В дверь позвонили еще раз, и уже настойчивее. Я сказала:
— Пойду открою.
И пошла открывать.
Это были два констебля: одного, Киргоу, в нашем квартале хорошо знали, другого я никогда не видела. Именно этот, второй, и заговорил первым.
— Ну что? — важно спросил он.
— Что «что»?
— Соседи жалуются.
Соседи! Ну и ну, это они-то жалуются! А сами кутят от Рождества до Сочельника, когда все хорошо, и дерутся от Сочельника до Рождества, когда все плохо.
— И на что же они жалуются?
— У вас произошло что-то серьезное.
— Выдумки.
— Возможно, имело место преступление.

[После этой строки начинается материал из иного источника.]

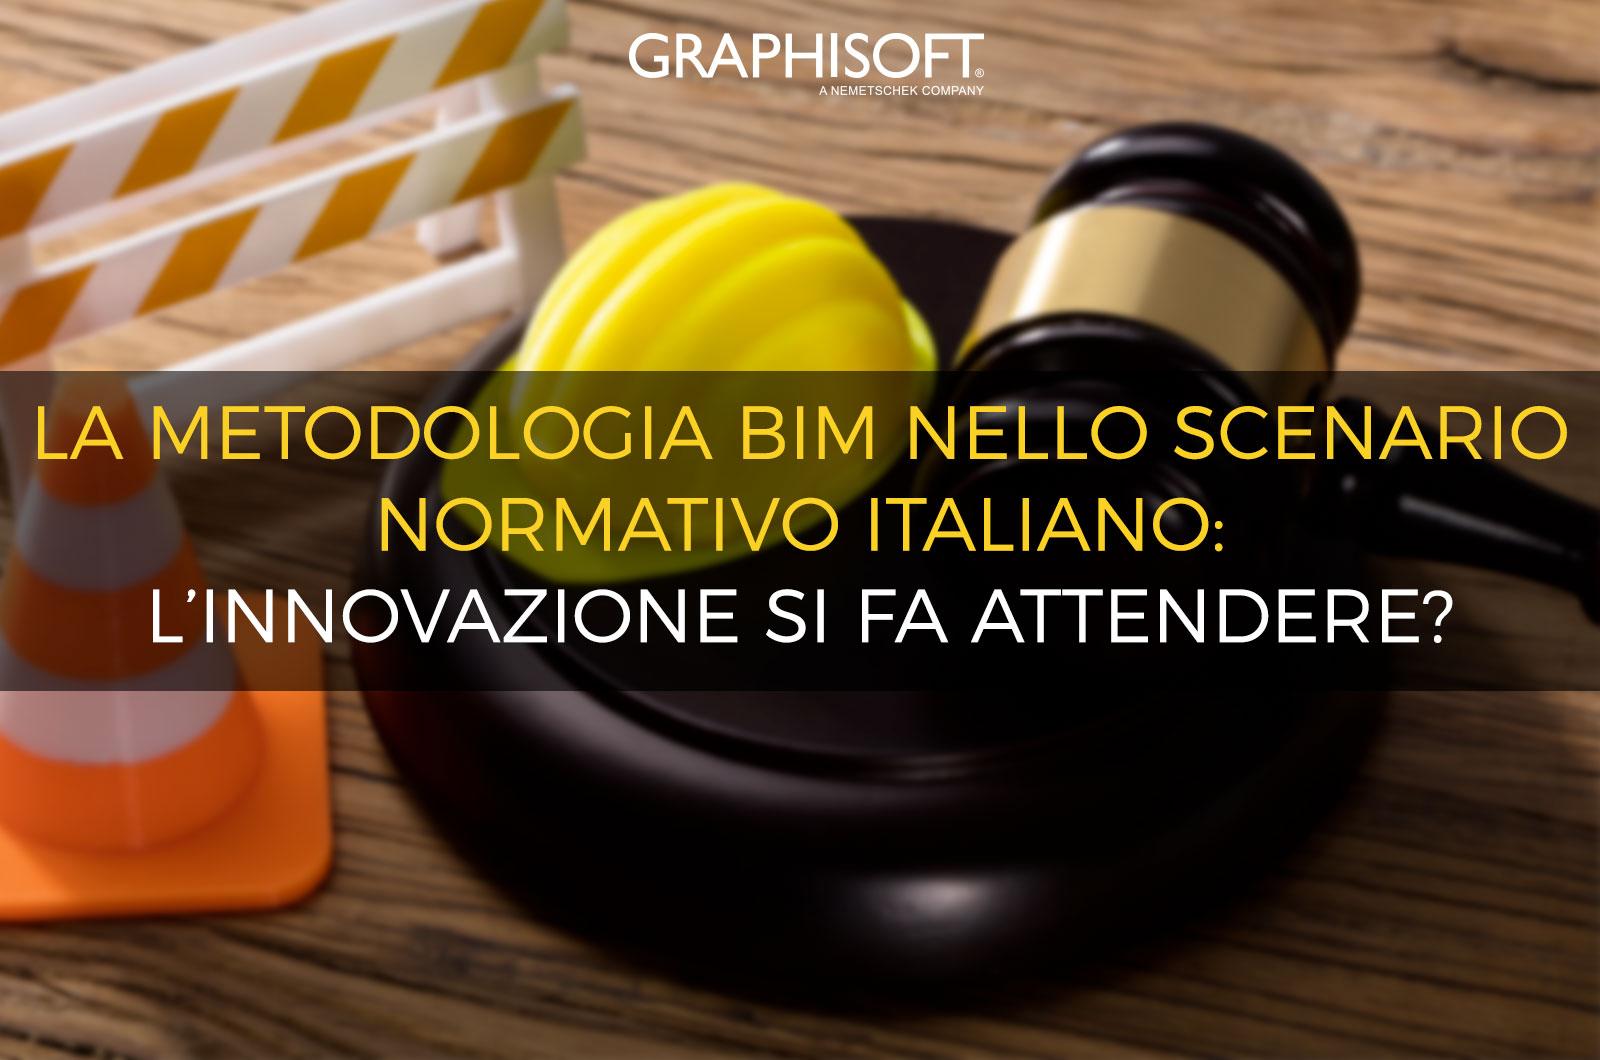 BIM_scenario_normativo_italiano

По их словам.
— Враки.
— Позвольте нам взглянуть.
Констебль отстранил меня рукой и вошел в сопровождении Киргоу, чья мимика дала мне понять, что лично он ни за что не предъявил бы таких требований. Мне следовало бы потребовать ордер на обыск, как в детективных романах, но констебли были уже в столовой. Я просеменила следом и оказалась свидетельницей аналогичного допроса мамы, которую, как обычно, распирало от невиновности, миссис Килларни, которая, пряча раненую руку, сжимала Саломею в трагической и обиженной позе, и Мэри, которая стеснительно покусывала подол своей юбки, что позволяло легавому рассмотреть ее ноги аж до самого пупка. Впрочем, вышеупомянутый легавый не обращал на это ни малейшего внимания, наверняка педераст и уж во всяком случае сукин сын, так как, несмотря на наши единогласные отрицания, он воспользовался кучкой битой посуды в углу и пятнами крови повсюду, принадлежавшими папе (кстати, куда он подевался?) и миссис Килларни, как основанием для более пристального расследования. Как будто он изо всех сил желал, чтобы здесь кого-нибудь убивали. Напрасно мы его разубеждали, все было бесполезно. В конце концов он озадаченно замолчал, нам тоже не хотелось говорить; воцарилась тишина.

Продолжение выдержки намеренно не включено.